Stardew Valley returned to the video game consciousness in a big way recently with the release of its 1.6 update. This update includes new content, rebalancing, and generally significant improvements and changes to the game that most thought unlikely after the 1.5 update due to designer Eric ‘ConcernedApe’ Barone shifting his focus to his next game, Haunted Chocolatier. Needless to say the scope of the update was a very pleasant surprise, and many players, myself included, dove back in.

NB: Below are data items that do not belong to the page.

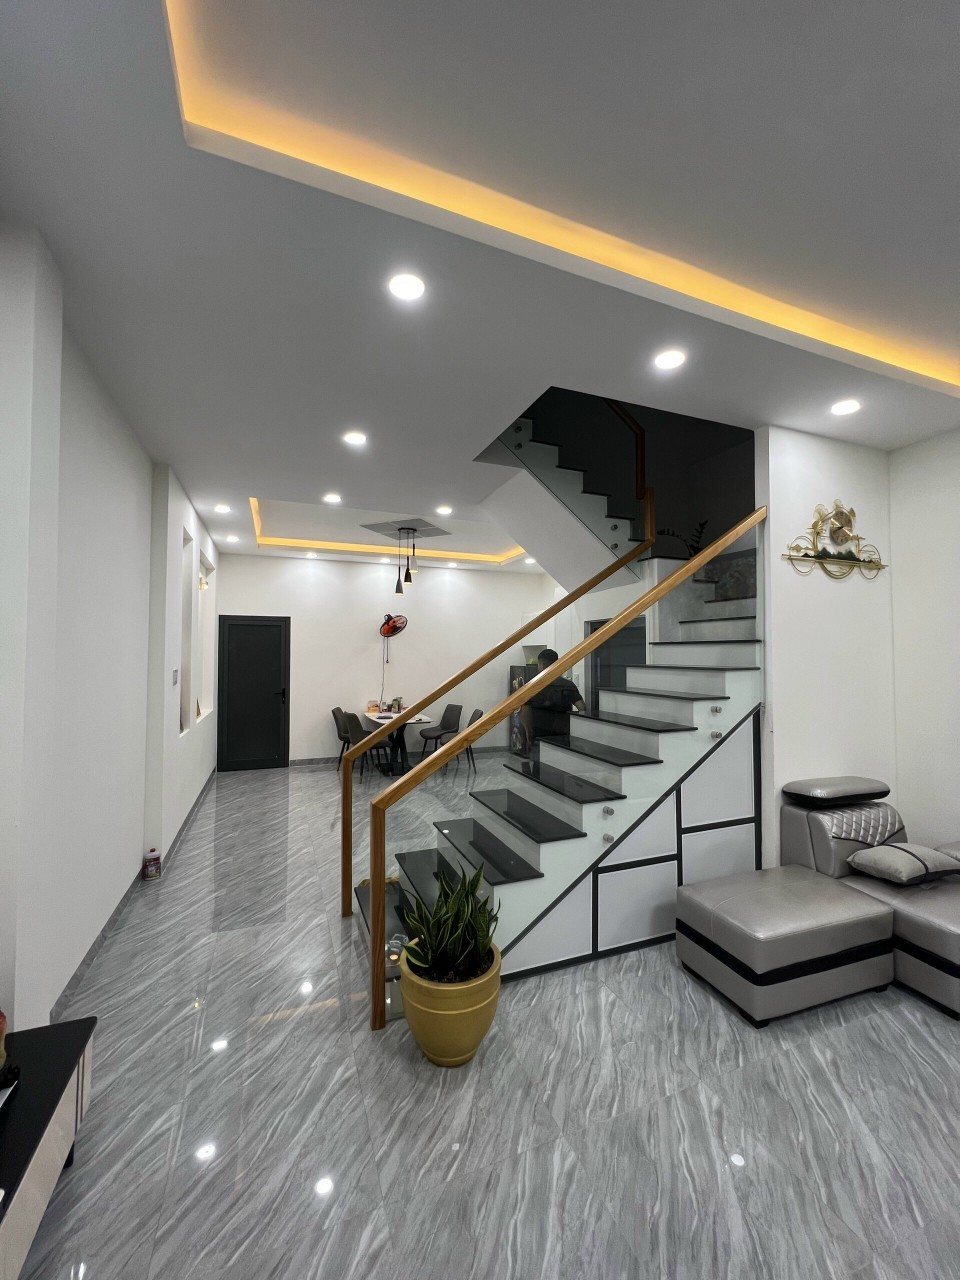 Cho thuê nhà 2 tầng gần sân bóng Phước Long mới xây, đầy đủ nội thất chỉ 15tr/ tháng 0966838679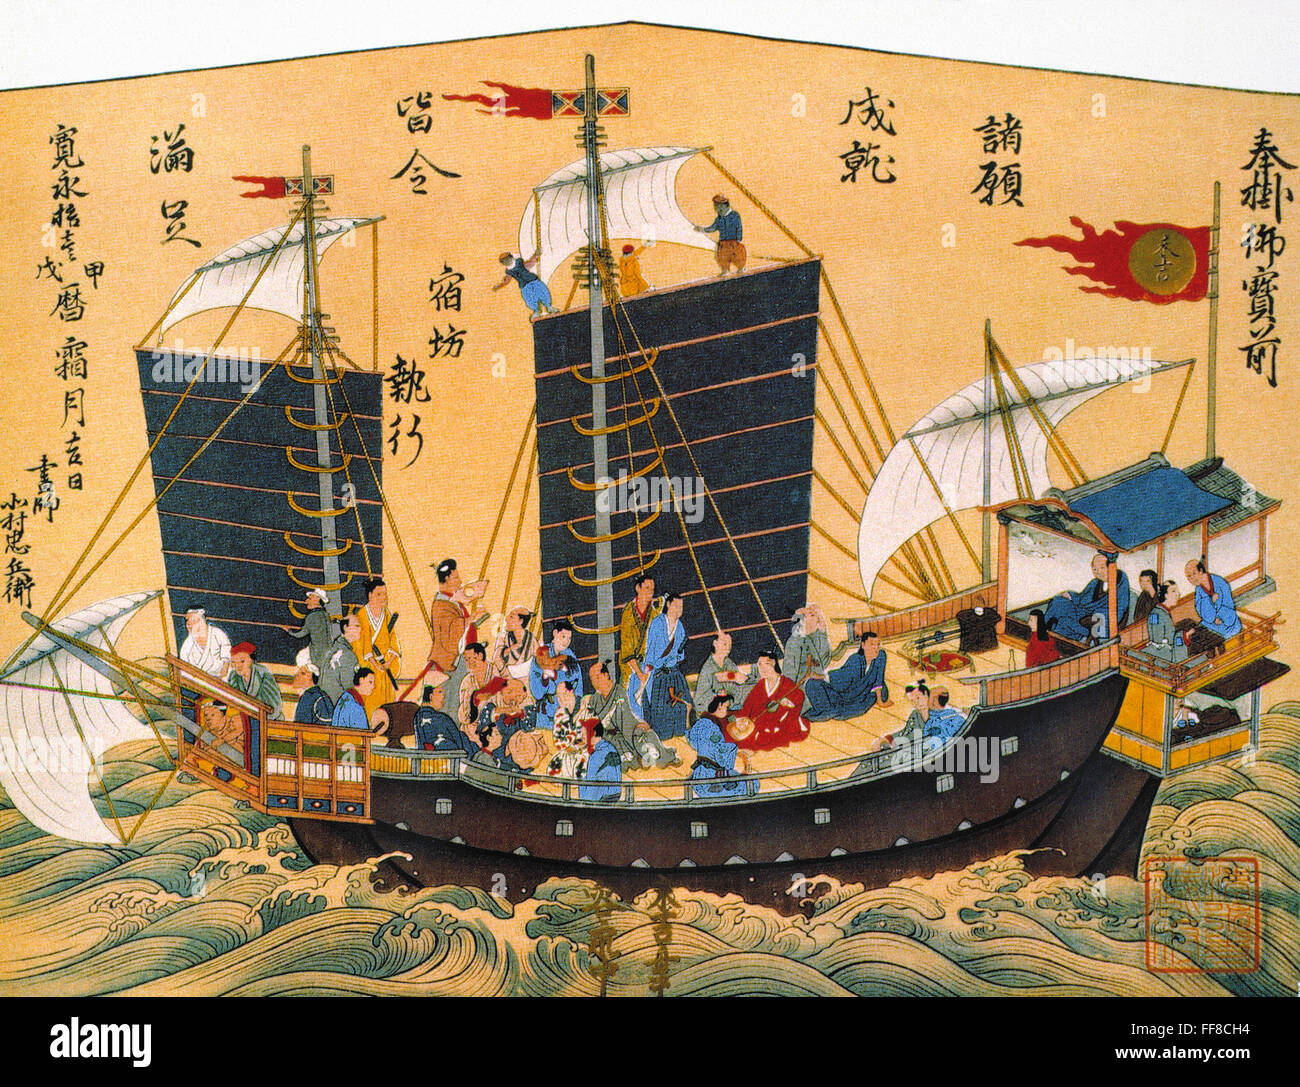 Китайская лодка 6 букв. Корабль Чжэн ши. Вокоу - японские морские пираты. Китайская Джонка 17 век. Японские мореплаватели 17 век.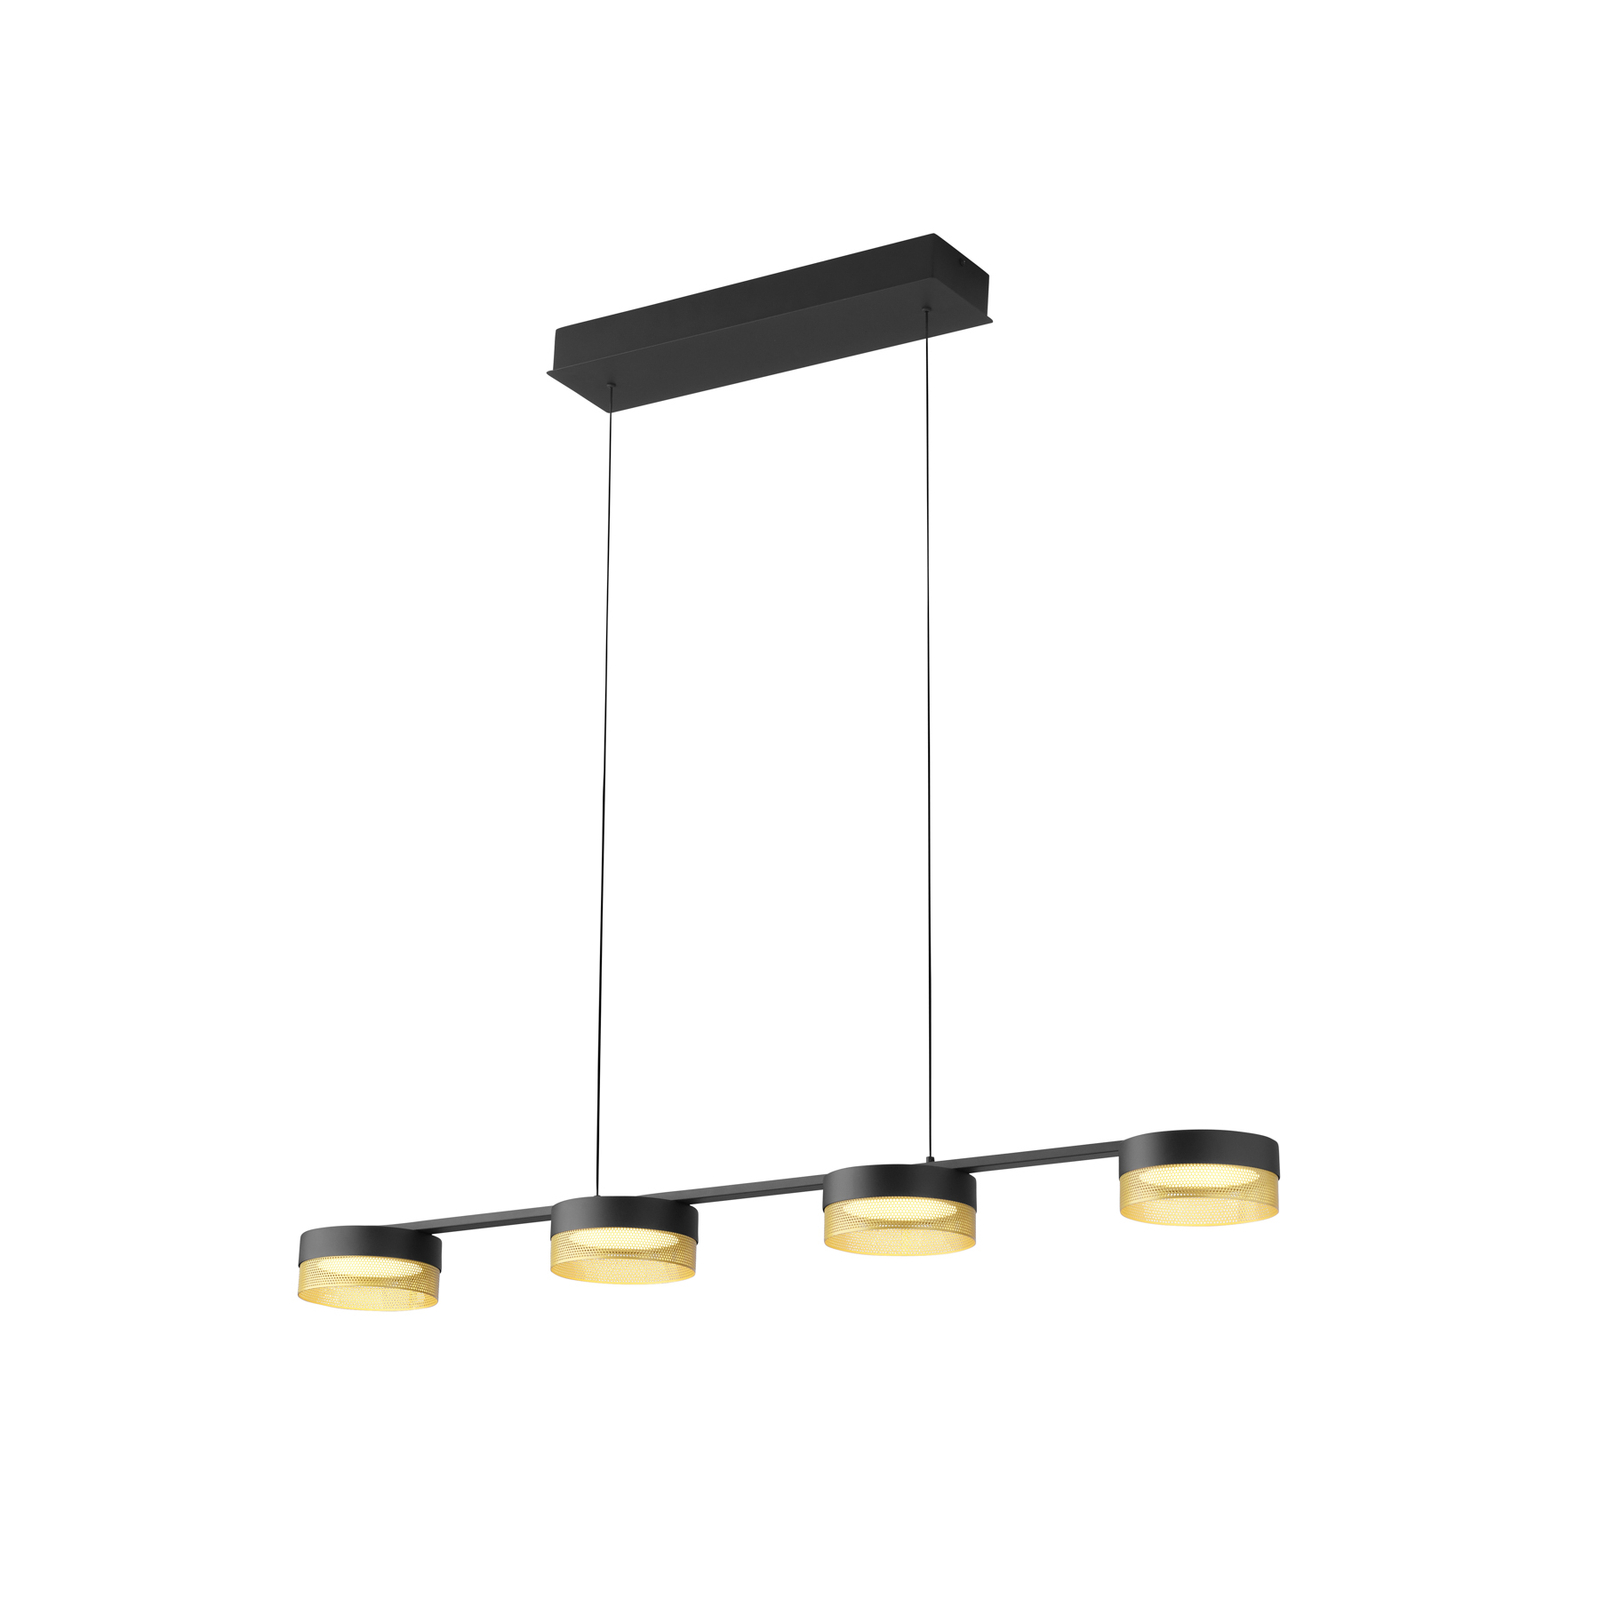 LED hanglamp Mesh 4-lamps dimmer, zwart/goud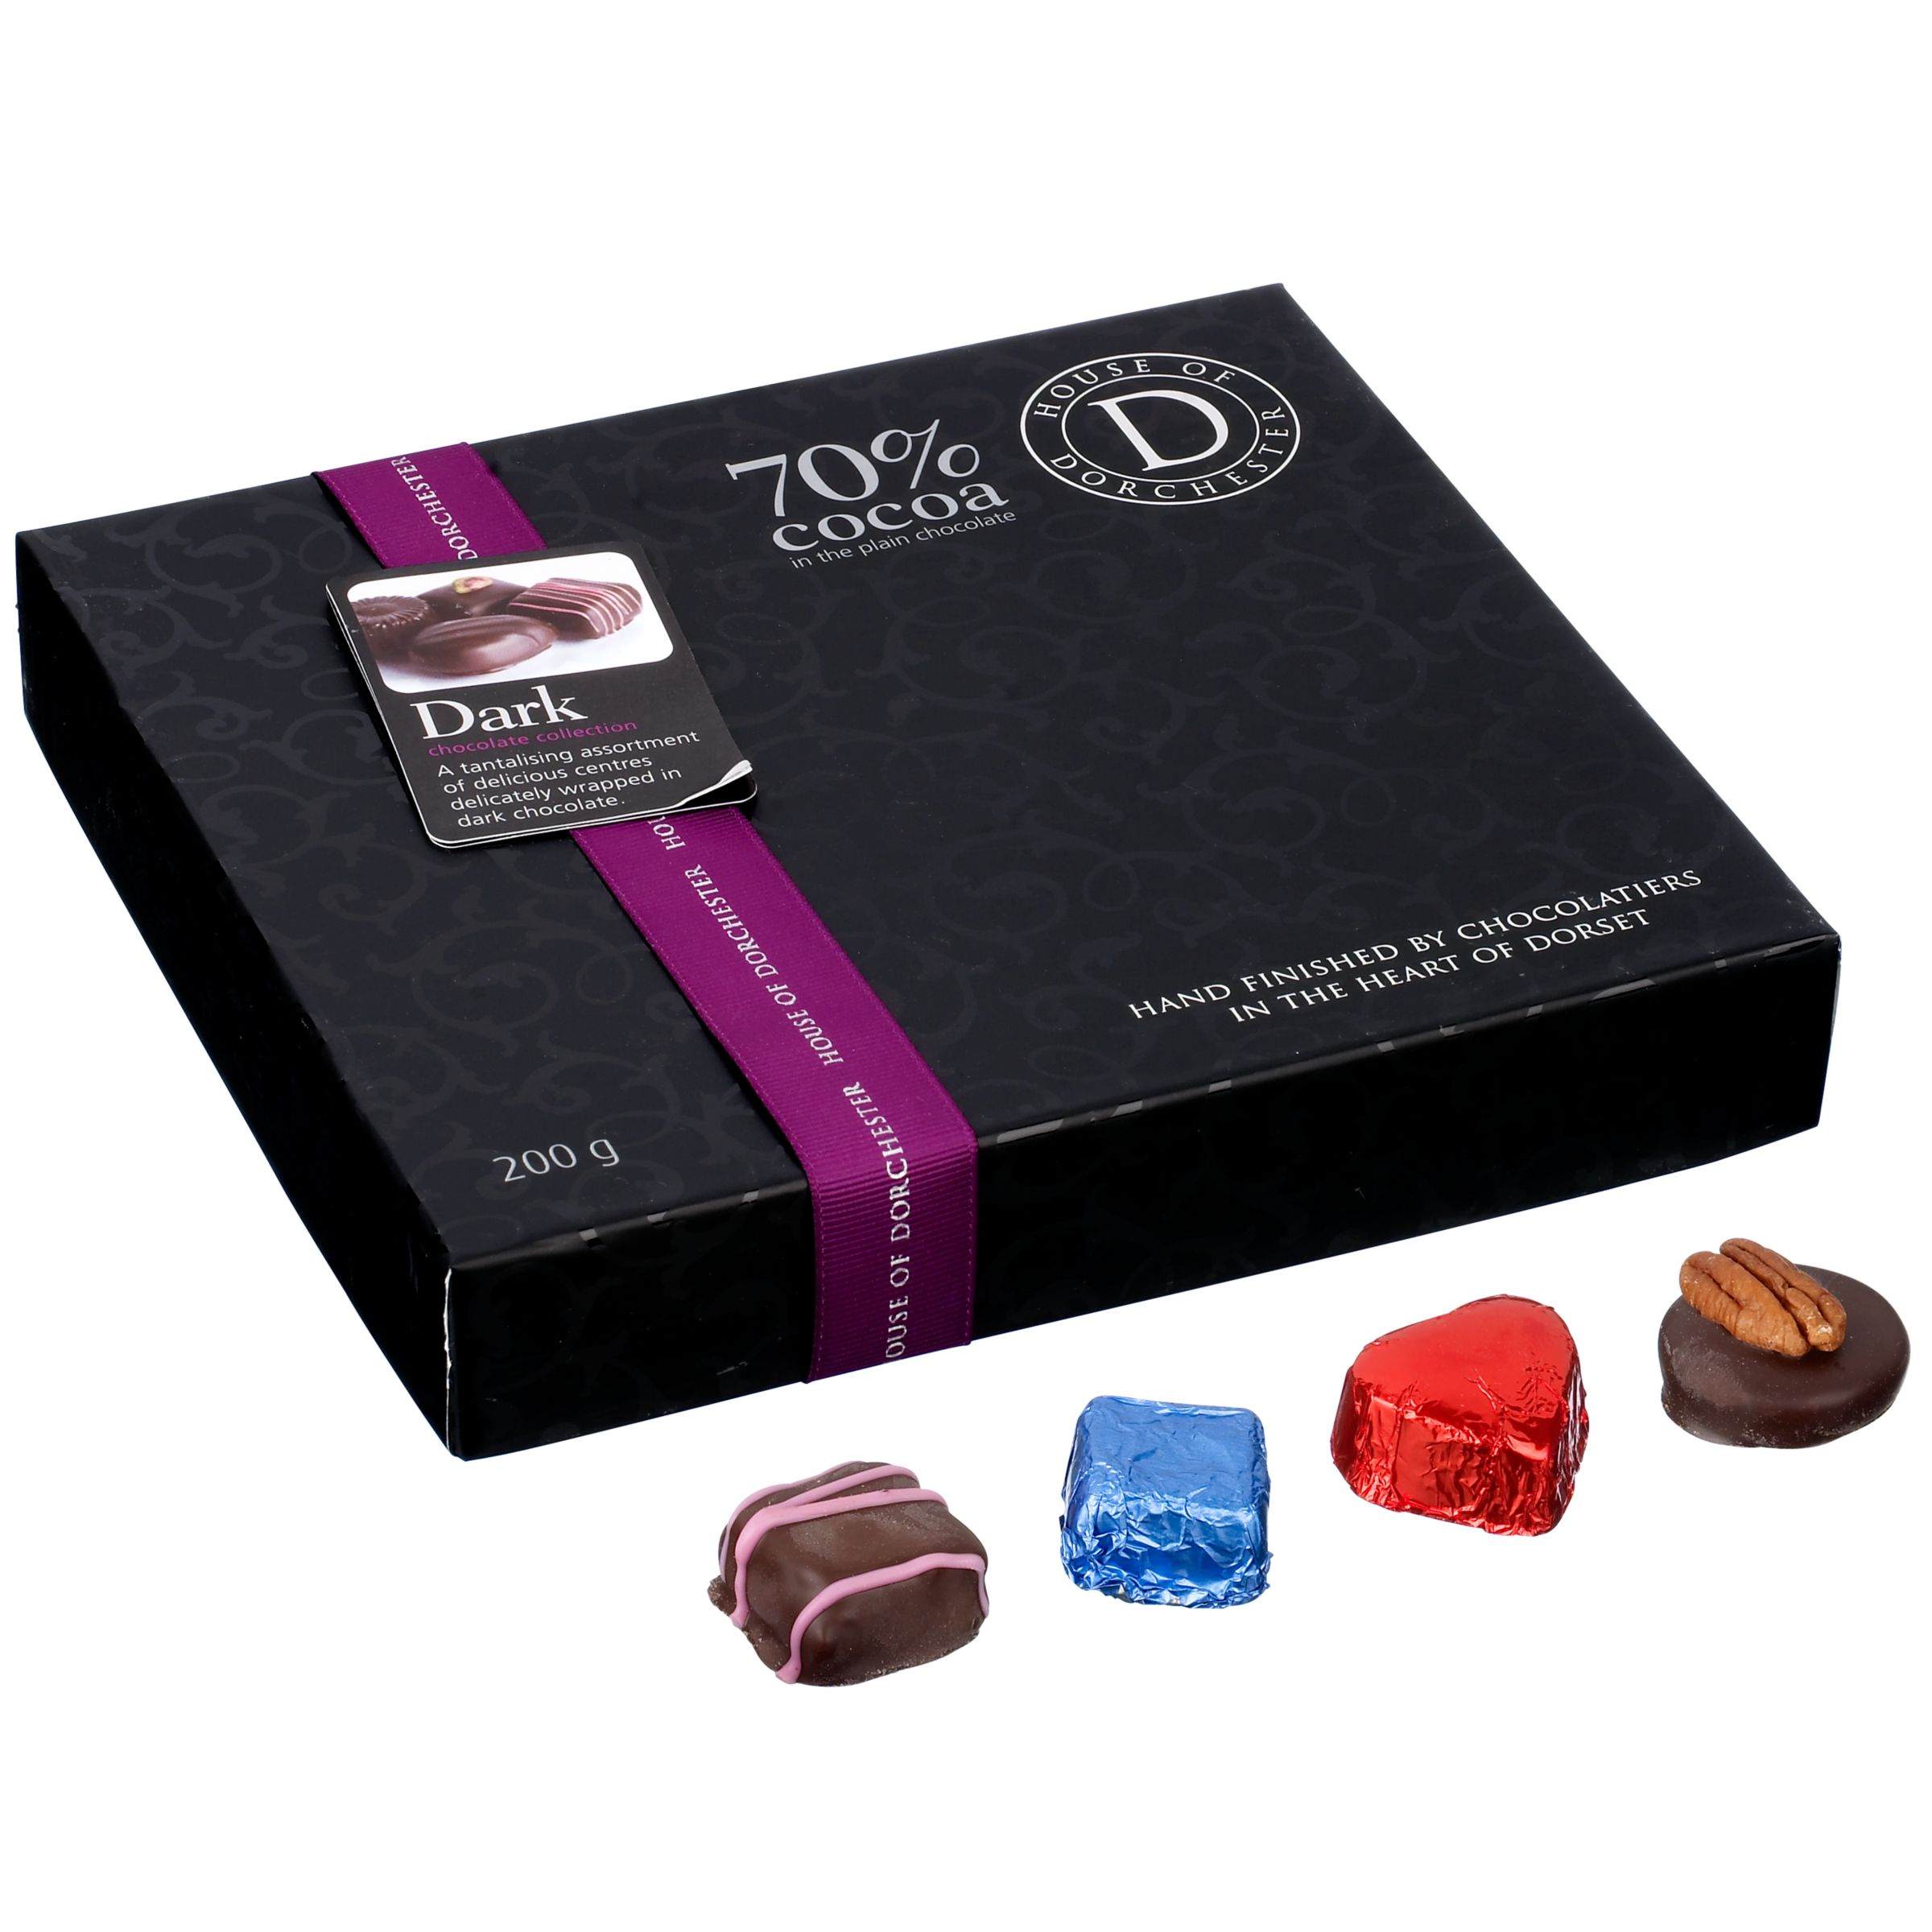 Luxury 70% Dark Chocolate

I’ve put a number of hours into a new playthrough of Stardew Valley, having previously put the game down after the 1.5 update. Compared to my last two playthroughs I’ve taken more time to consider the design of the game and what it can teach us about tabletop games. Much like the last time I analyzed a video game like this, No Man’s Sky, the intent is not to imply that the gameplay loops would make much sense at the tabletop; Stardew Valley’s most tactile elements, like its combat and fishing, belong firmly in the digital realm. Instead I’d say there’s a lot to learn about how Stardew Valley presents a world and the avenues by which a player can interact with that world. This world design is, in some ways at least, the opposite of No Man’s Sky. Stardew Valley presents a ‘closed world’ where the avenues of interaction are finite and presented from the beginning, and that mode of world design can teach some lessons to tabletop RPGs, either to designers or GMs.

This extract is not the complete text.